#### [Task instructions]
Reproduce the data below word for word, setting aside any picture it holds.

#### [Data section]

<<<<

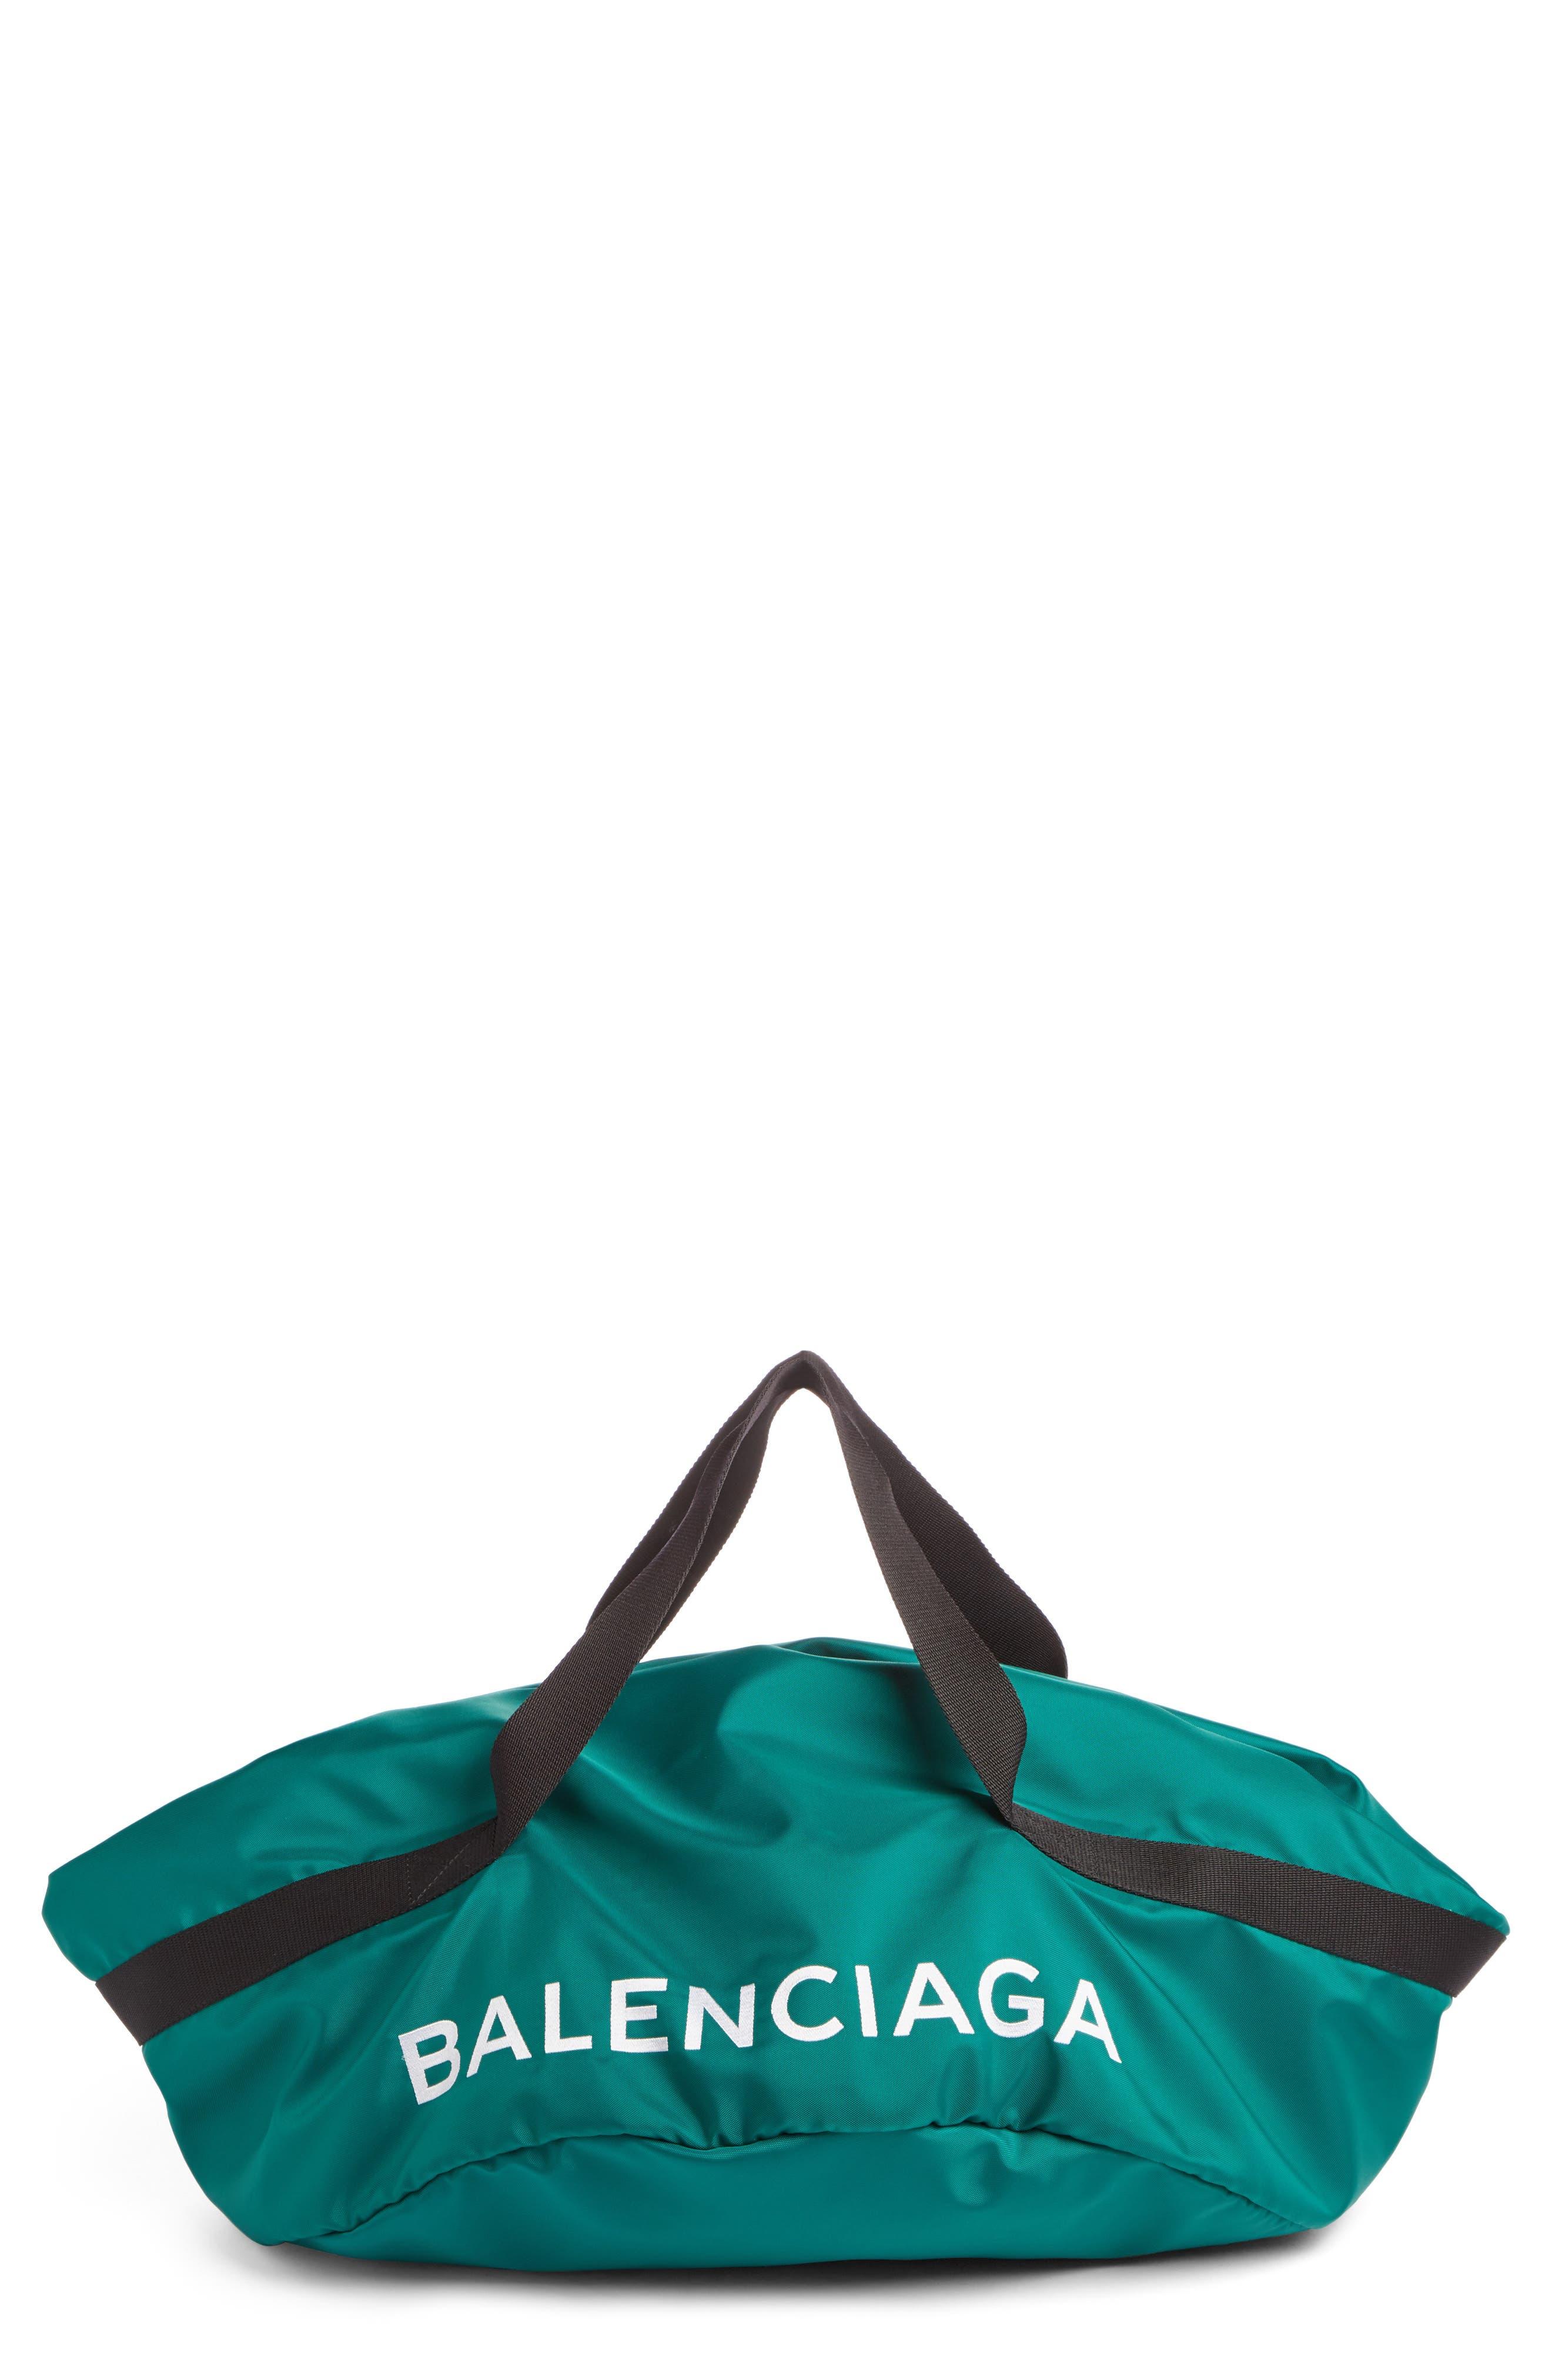 Small Wheel Bag,                         Main,                         color, Vert Emeraude/ Noir
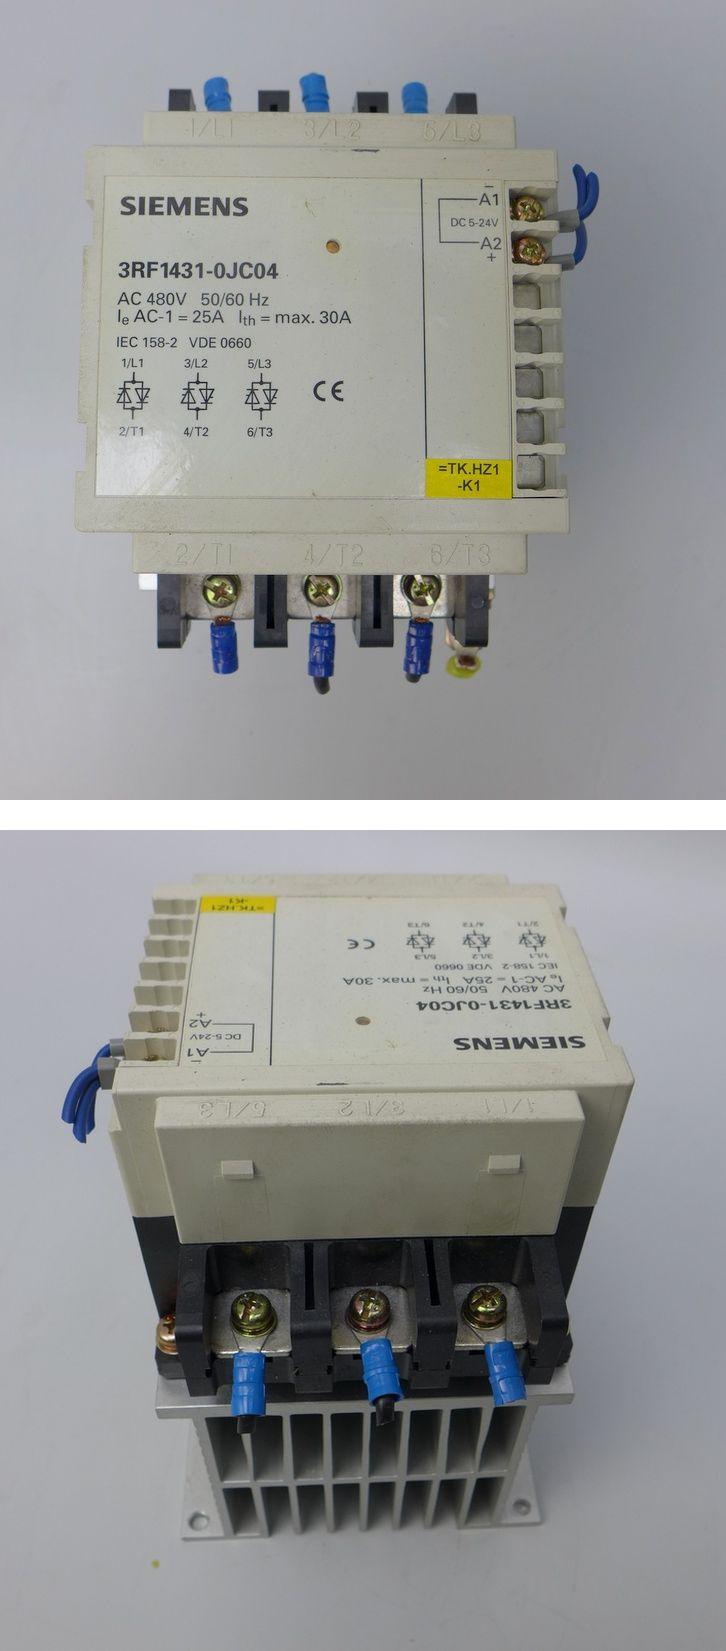 Siemens 3RF1431-0JC04
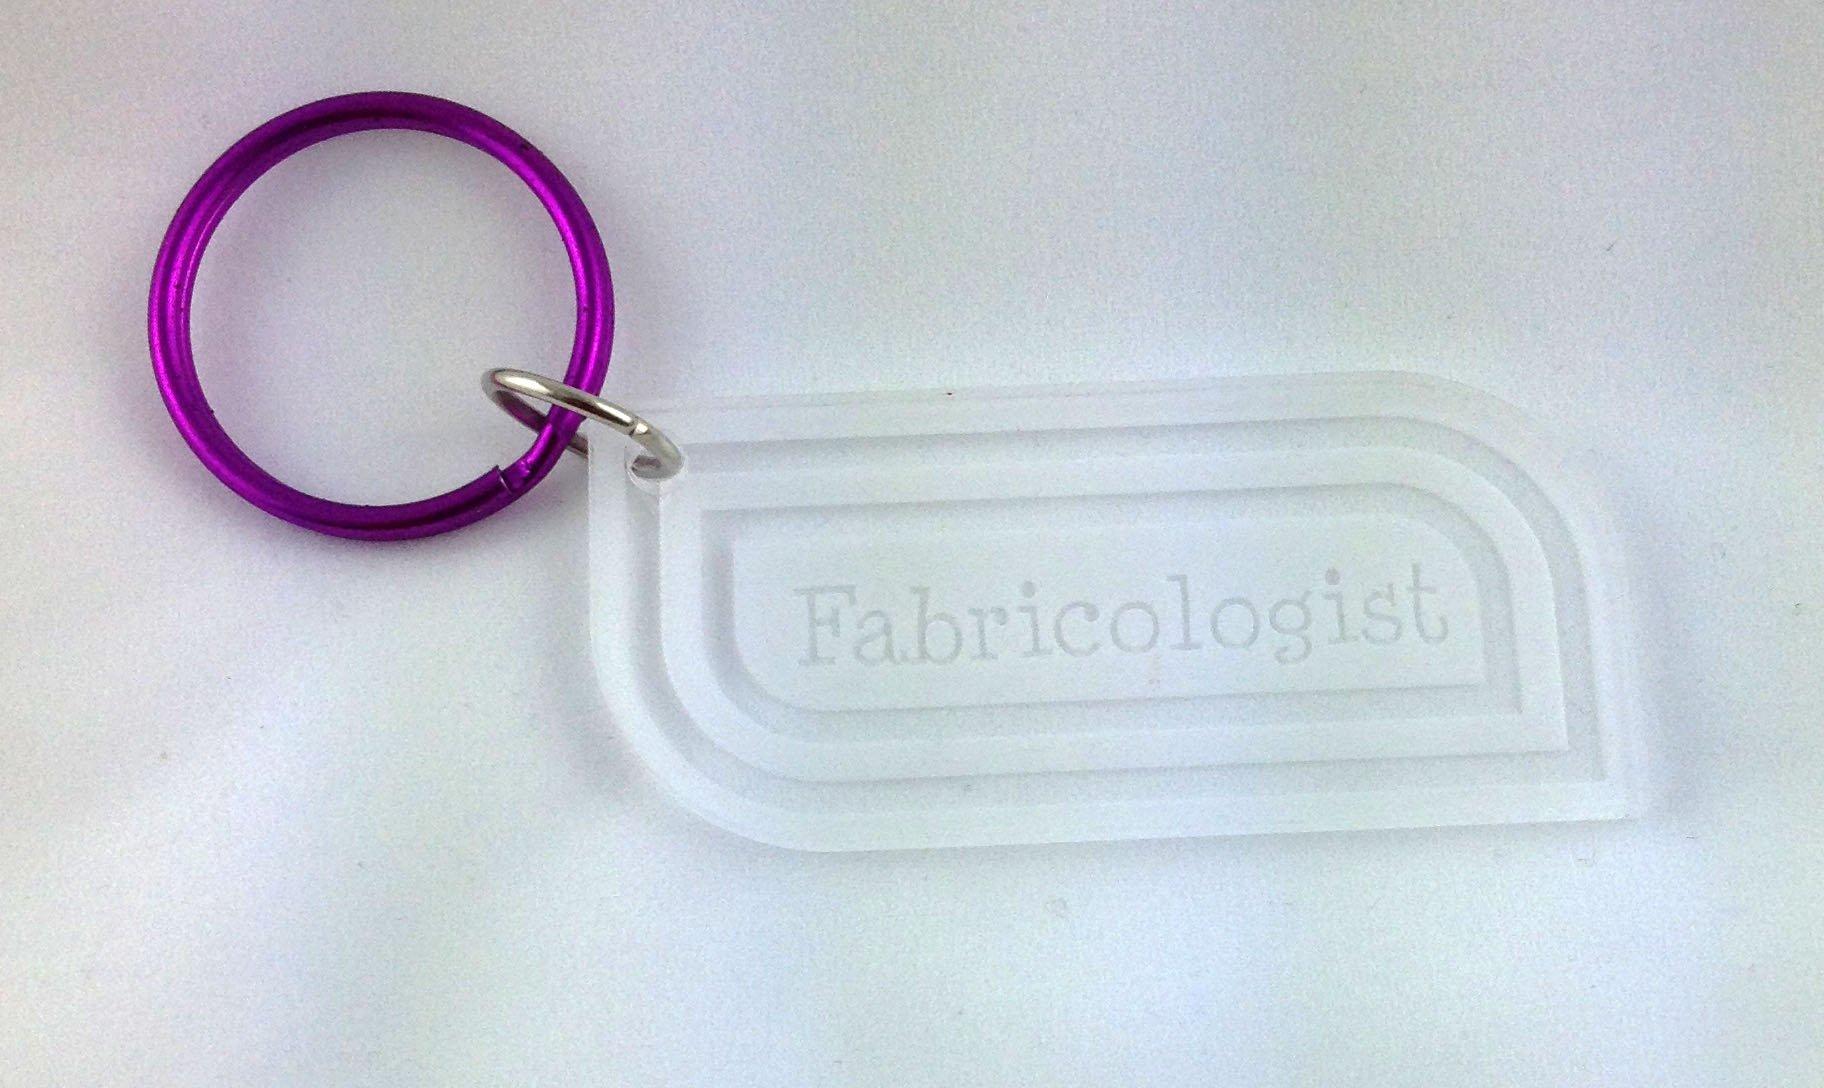 Key Ring-Fabricologist
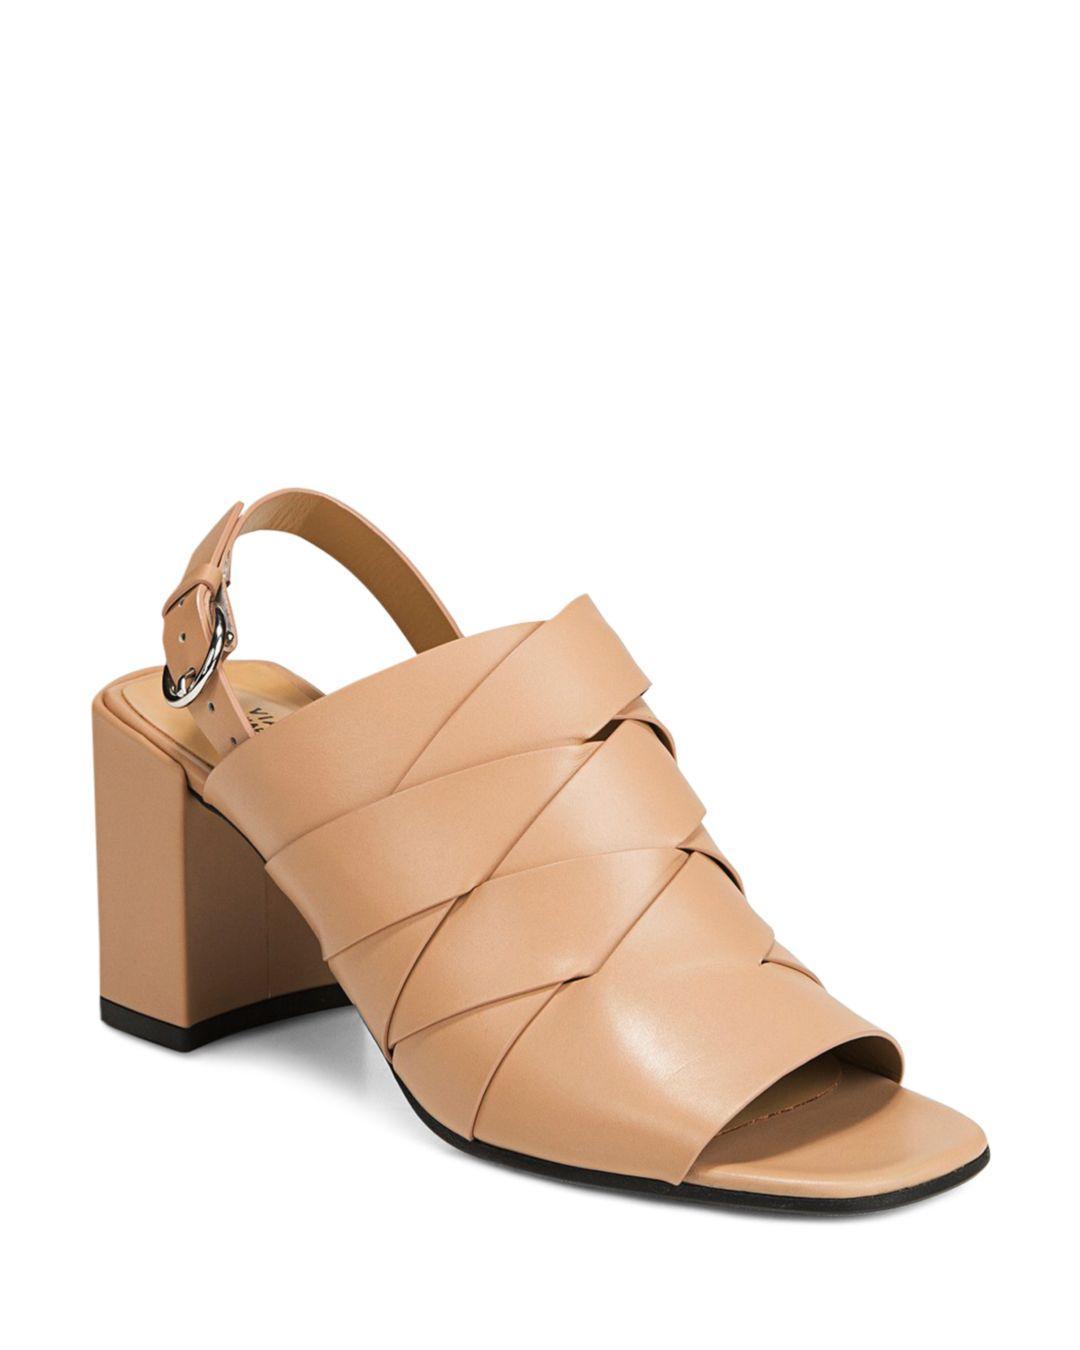 ad35f457f37a Lyst - Via Spiga Women s Oren 2 Woven Leather Slingback Sandals

>>>>

#### [Exercise result]
 Small Wheel Bag,                         Main,                         color, Vert Emeraude/ Noir
 Siemens 3RF1431-0JC04
 Key Ring-Fabricologist
 ad35f457f37a Lyst - Via Spiga Women s Oren 2 Woven Leather Slingback Sandals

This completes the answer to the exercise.